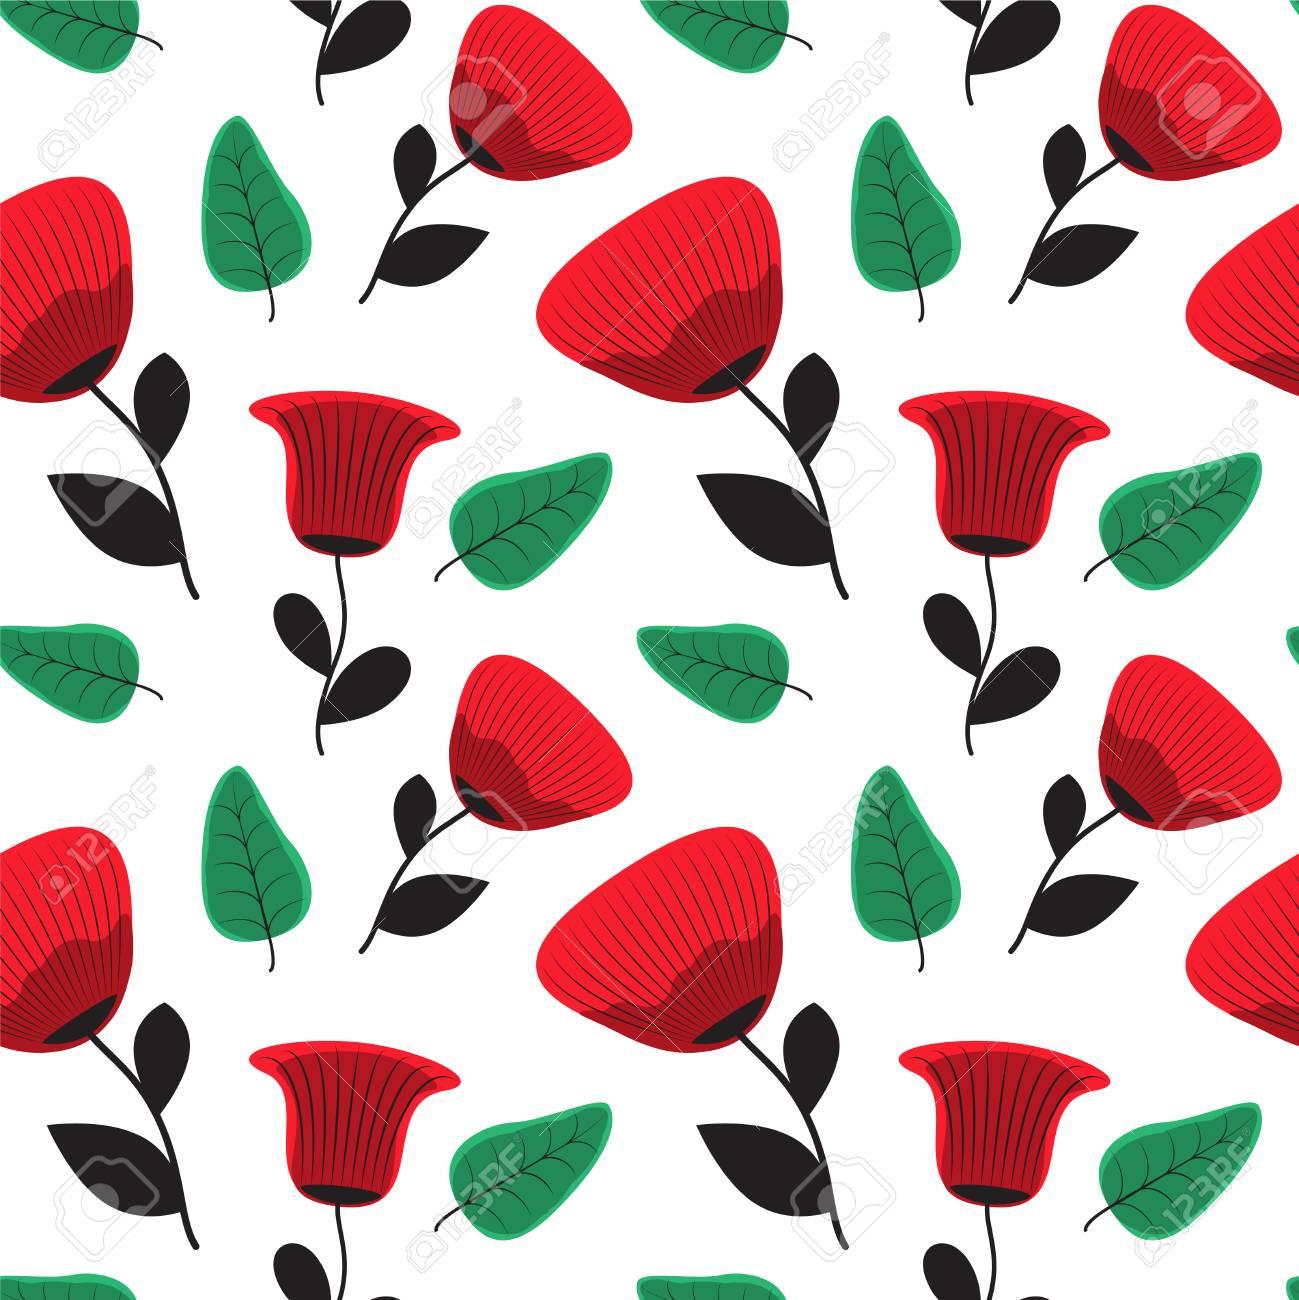 Seamless Poppy Flower Pattern Stock Vector
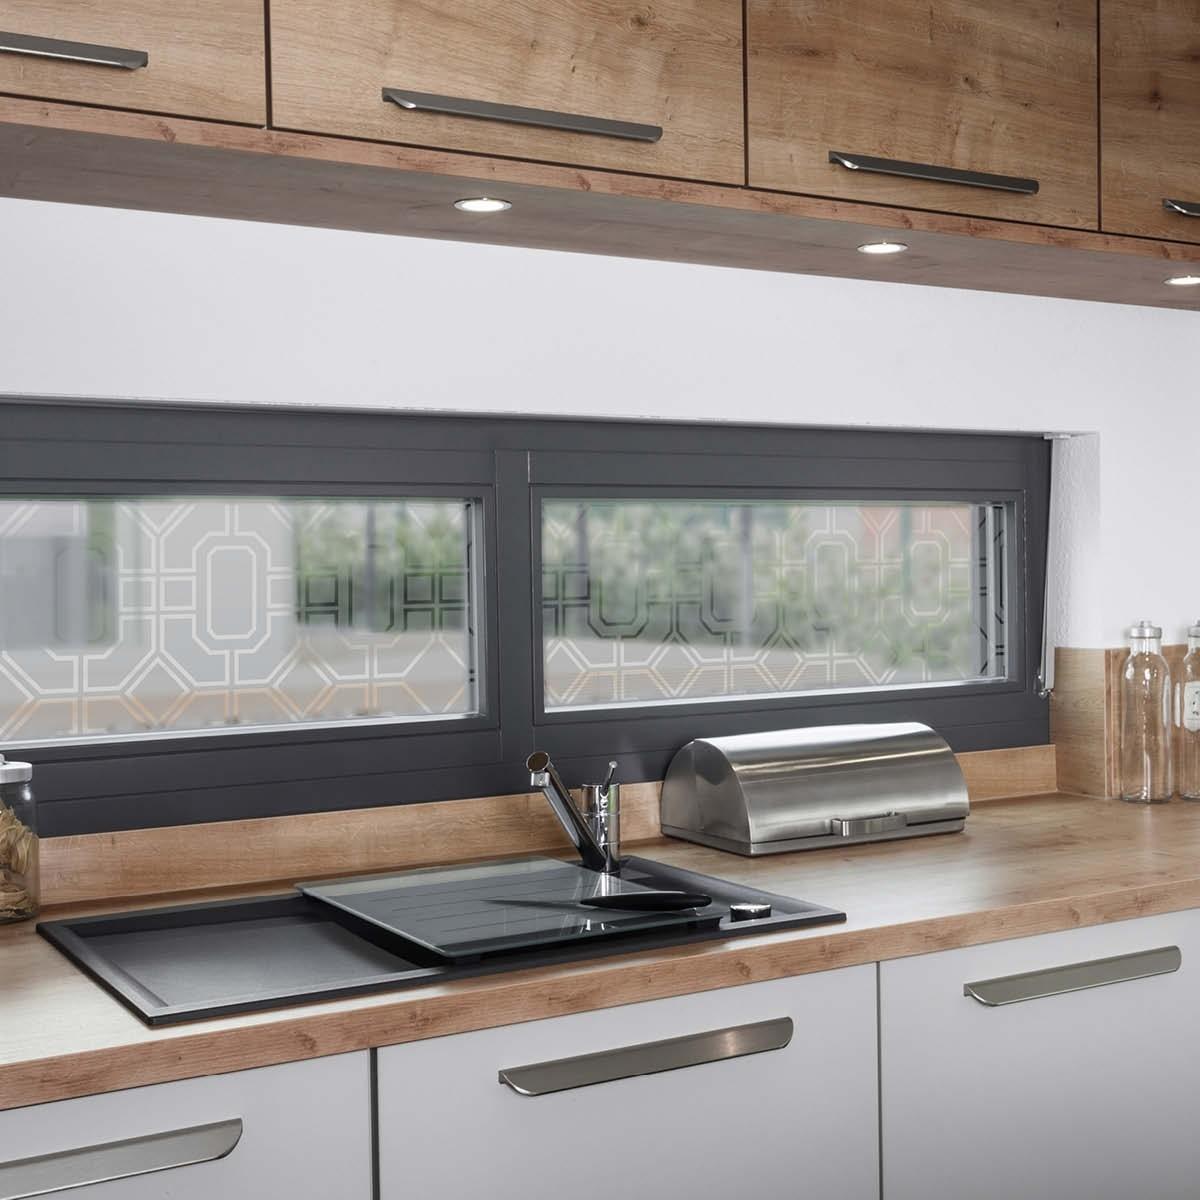 Full Size of Ikea Fensterfolie Anbringen Sichtschutz Bad Blickdicht Statische Modulküche Küche Kosten Sofa Mit Schlaffunktion Betten 160x200 Miniküche Kaufen Bei Wohnzimmer Fensterfolie Ikea
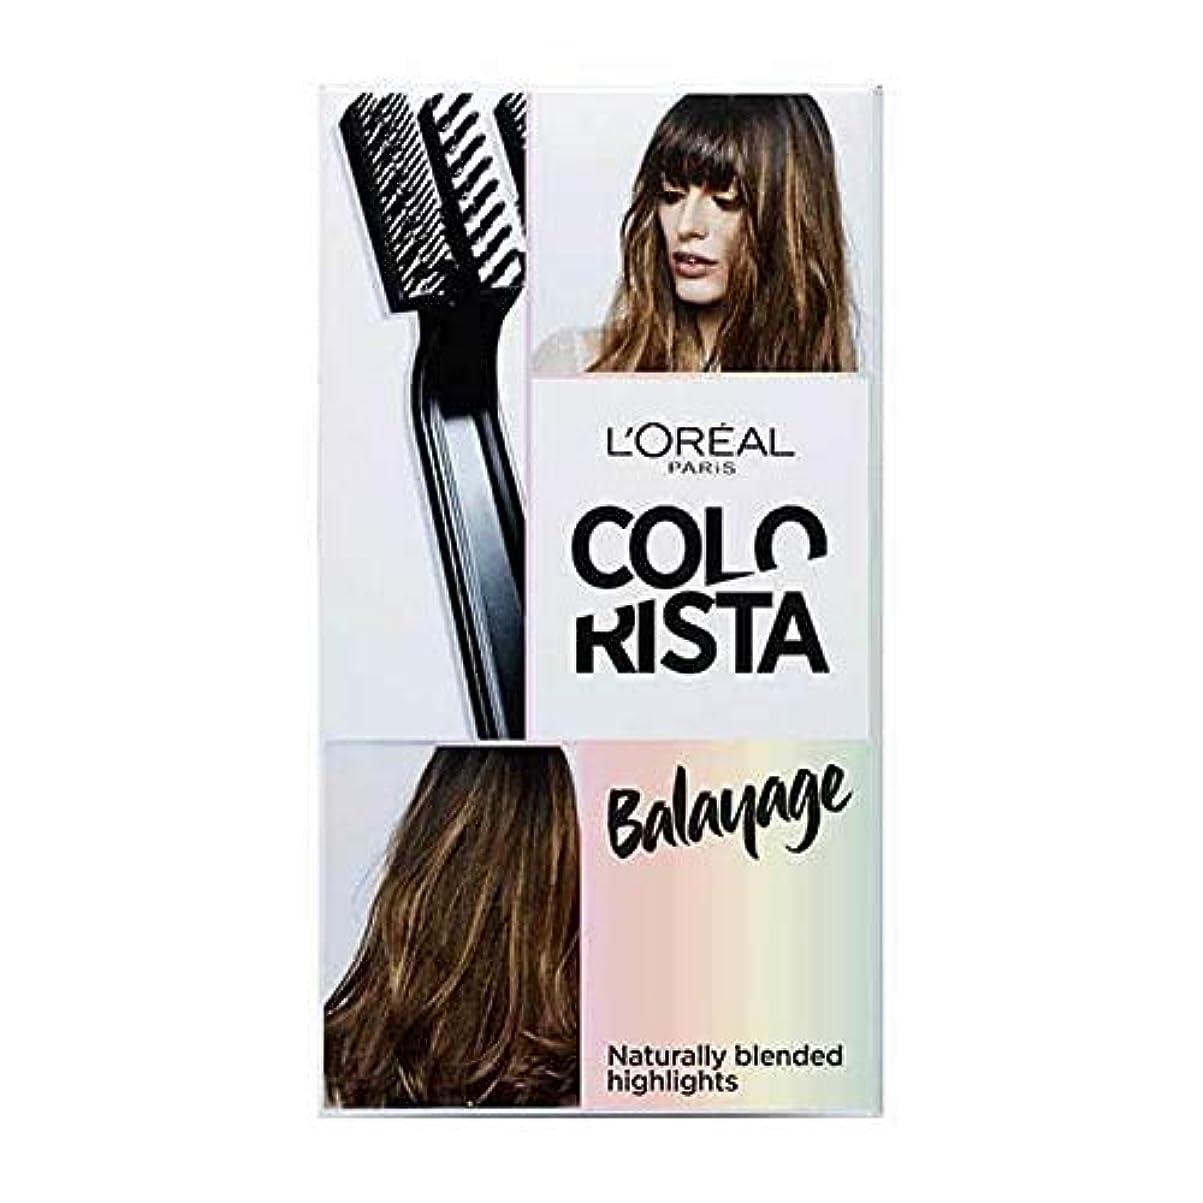 税金ステレオドール[Colorista] Colorista効果Balayage毛 - Colorista Effect Balayage Hair [並行輸入品]
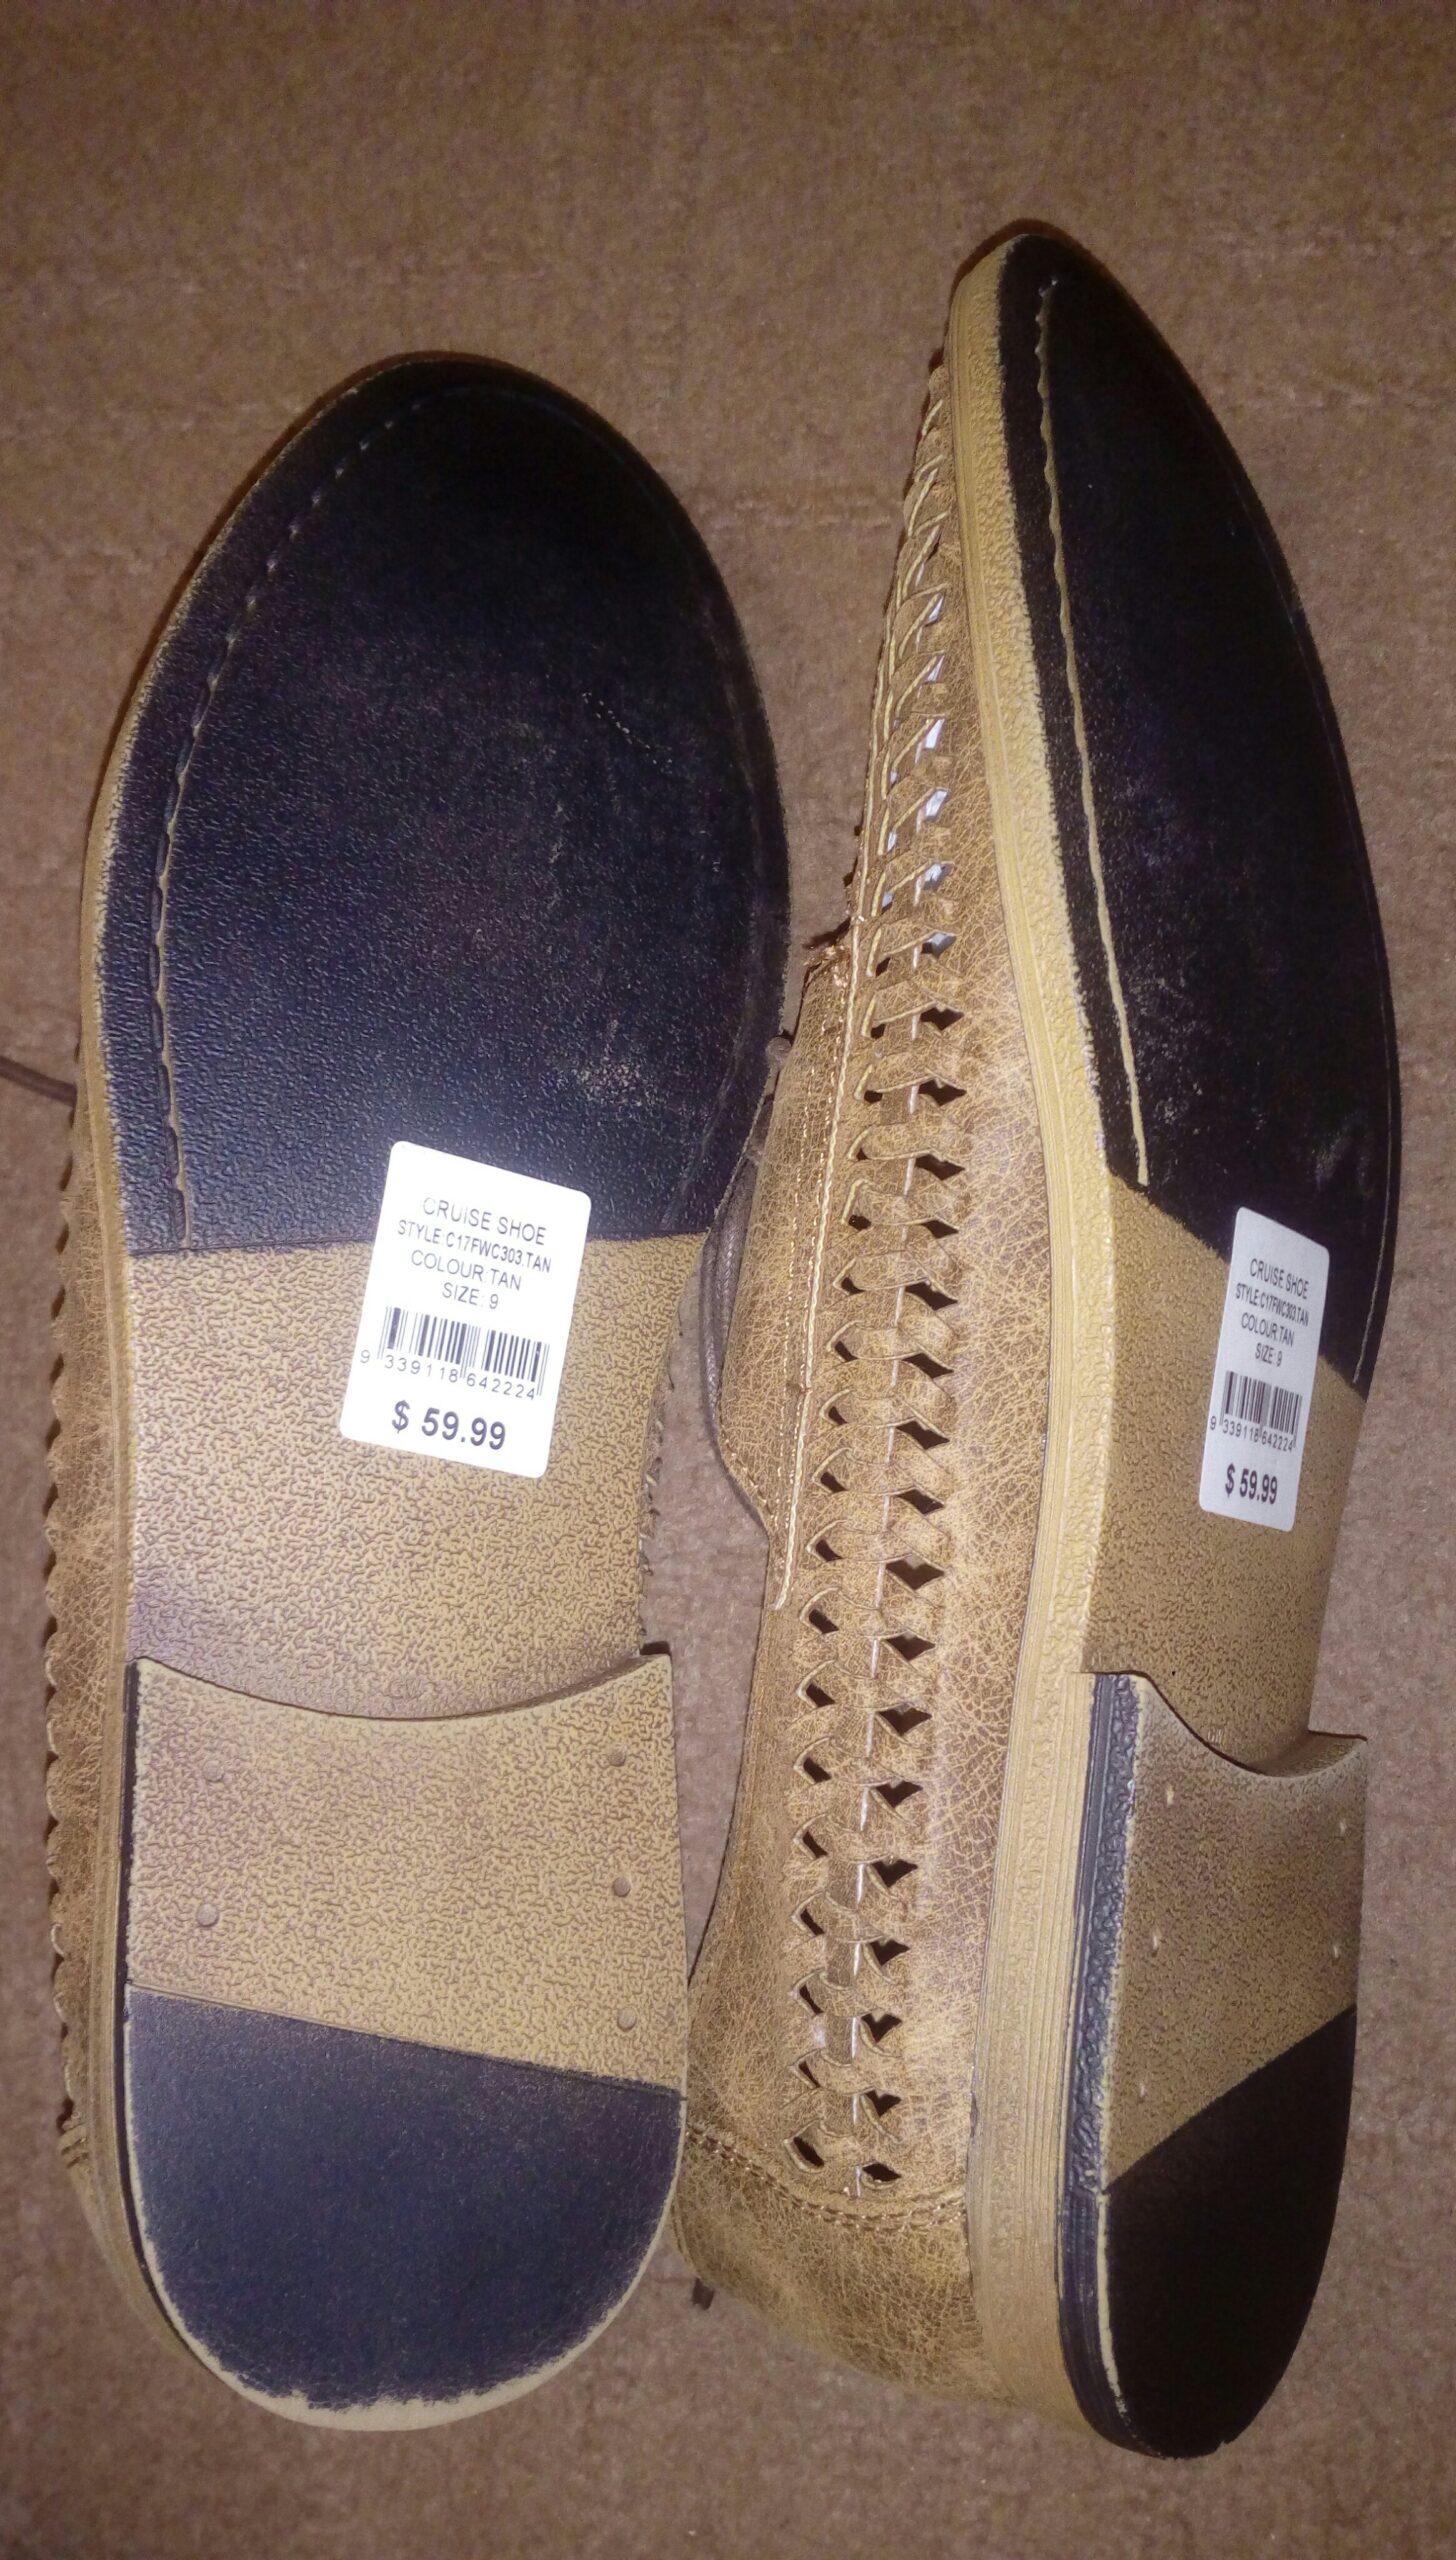 New imported stylish shoes
* * *
WHAT THE EXERCISE ASKS:
Write out word for word the lines above that run from the one with "Full Size of" to the one with "税金ステレオドール[Colorista] Colorista効果Balayage毛 - Colorista". Include both end lines; exclude the images.

TASK RESULT:
 Full Size of Ikea Fensterfolie Anbringen Sichtschutz Bad Blickdicht Statische Modulküche Küche Kosten Sofa Mit Schlaffunktion Betten 160x200 Miniküche Kaufen Bei Wohnzimmer Fensterfolie Ikea
 税金ステレオドール[Colorista] Colorista効果Balayage毛 - Colorista Effect Balayage Hair [並行輸入品]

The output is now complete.